O ministro do STF (Supremo Tribunal Federal) Alexandre de Moraes determinou nesta sexta-feira (27) novas regras para o uso e o compartilhamento de RIFs (relatórios de inteligência financeira) produzidos pelo Coaf (Conselho de Controle de Atividades Financeiras). A decisão impõe limites mais rígidos a investigações para evitar abusos no acesso a dados sensíveis. Segundo determinou o ministro, pedidos judiciais ou de CPIs e CPMIs para acessar relatórios do Coaf precisam seguir as novas regras.

Na decisão, Moraes afirmou que há indícios de uso indevido dos relatórios de inteligência financeira por agentes públicos. Ele citou informações de que autoridades estariam utilizando dados do Coaf para iniciar apurações informais, sem base legal. O ministro descreveu esse cenário como uma “epidemia” de uso irregular dos relatórios e mencionou a existência de “investigações de gaveta”, em que dados sensíveis seriam usados para pressionar ou constranger pessoas. Segundo ele, a prática representa risco sistêmico e pode comprometer a credibilidade do próprio sistema de combate à lavagem de dinheiro.

“A ausência de balizas constitucionais claras e imediatamente aplicáveis tem permitido a normalização do uso de instrumentos de inteligência financeira como meio de prospecção patrimonial indiscriminada”, disse.

Novas regras
Entre os principais pontos definidos por Moraes está a exigência de que os relatórios só possam ser solicitados quando houver uma investigação formal aberta.

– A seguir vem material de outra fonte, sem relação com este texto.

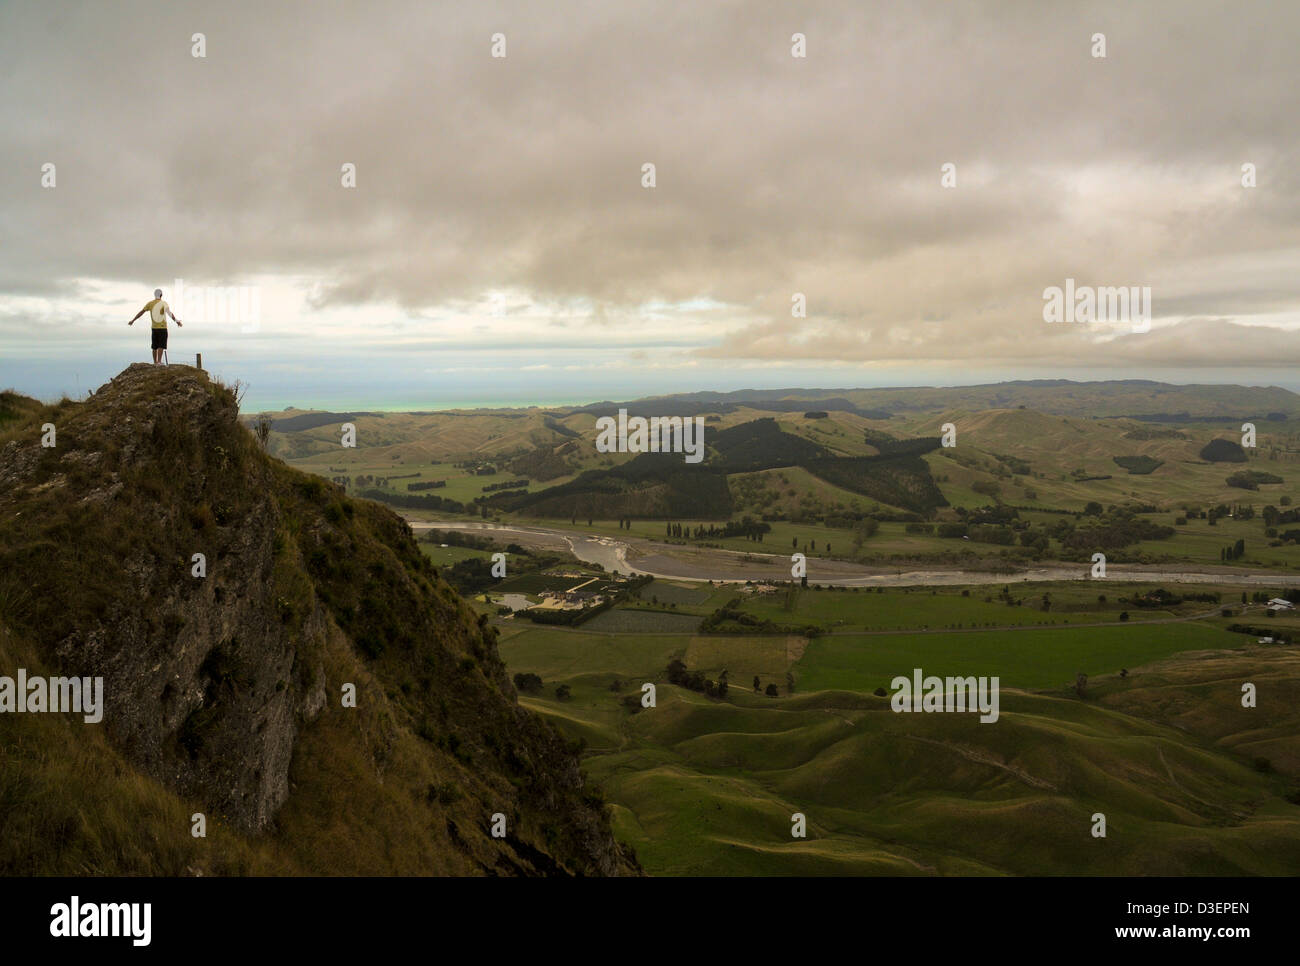 Un homme sent la puissance de la nature au sommet d'une colline dans la région de Hawke's Bay, Nouvelle-Zélande. Banque D'Images

A decisão também determina que:

O investigado deve estar previamente identificado no processo;
O pedido precisa demonstrar ligação direta entre o relatório e o objeto da investigação;
O uso dos dados não pode ser genérico ou exploratório;
Os relatórios não podem ser a primeira medida de apuração.

Caso essas regras não sejam seguidas, as provas obtidas poderão ser consideradas ilegais e retiradas dos processos, inclusive com invalidação de possíveis evidências.

Além disso, Moraes afirma que comunicou a decisão a tribunais de todo o país, ao Ministério Público, à Defensoria Pública e a outros órgãos, com aplicação imediata. O tema ainda será julgado pelo plenário do STF.

A decisão foi tomada como um recurso com repercussão geral que discute se órgãos de investigação podem acessar relatórios do Coaf sem autorização judicial ou sem a existência de um procedimento formal.

Ao analisar o caso, Moraes afirmou que o tema é urgente por evidenciar “fatos concretos, recentes e amplamente documentados” entre o combate a crimes como lavagem de dinheiro e a proteção de direitos fundamentais.

No documento, ele também argumenta que os RIFs não são documentos comuns. Segundo ele, os relatórios permitem “a reconstrução de fluxos financeiros” e revelam padrões econômicos e vínculos patrimoniais, o que gera impacto direto na privacidade dos cidadãos. Por isso, devem obedecer a critérios rigorosos de legalidade, necessidade e proporcionalidade.

Críticas à CPMI do INSS
A decisão ocorre um dia após Moraes votar contra a prorrogação da CPMI do INSS e fazer duras críticas à atuação da comissão.

Segundo o ministro, houve “total desvio de finalidade” nos trabalhos, com quebra de sigilos sem critérios e exposição indevida de informações privadas.

Ele também afirmou que dados confidenciais foram vazados para a imprensa, incluindo registros da Polícia Federal, como contatos, agendas e telefonemas.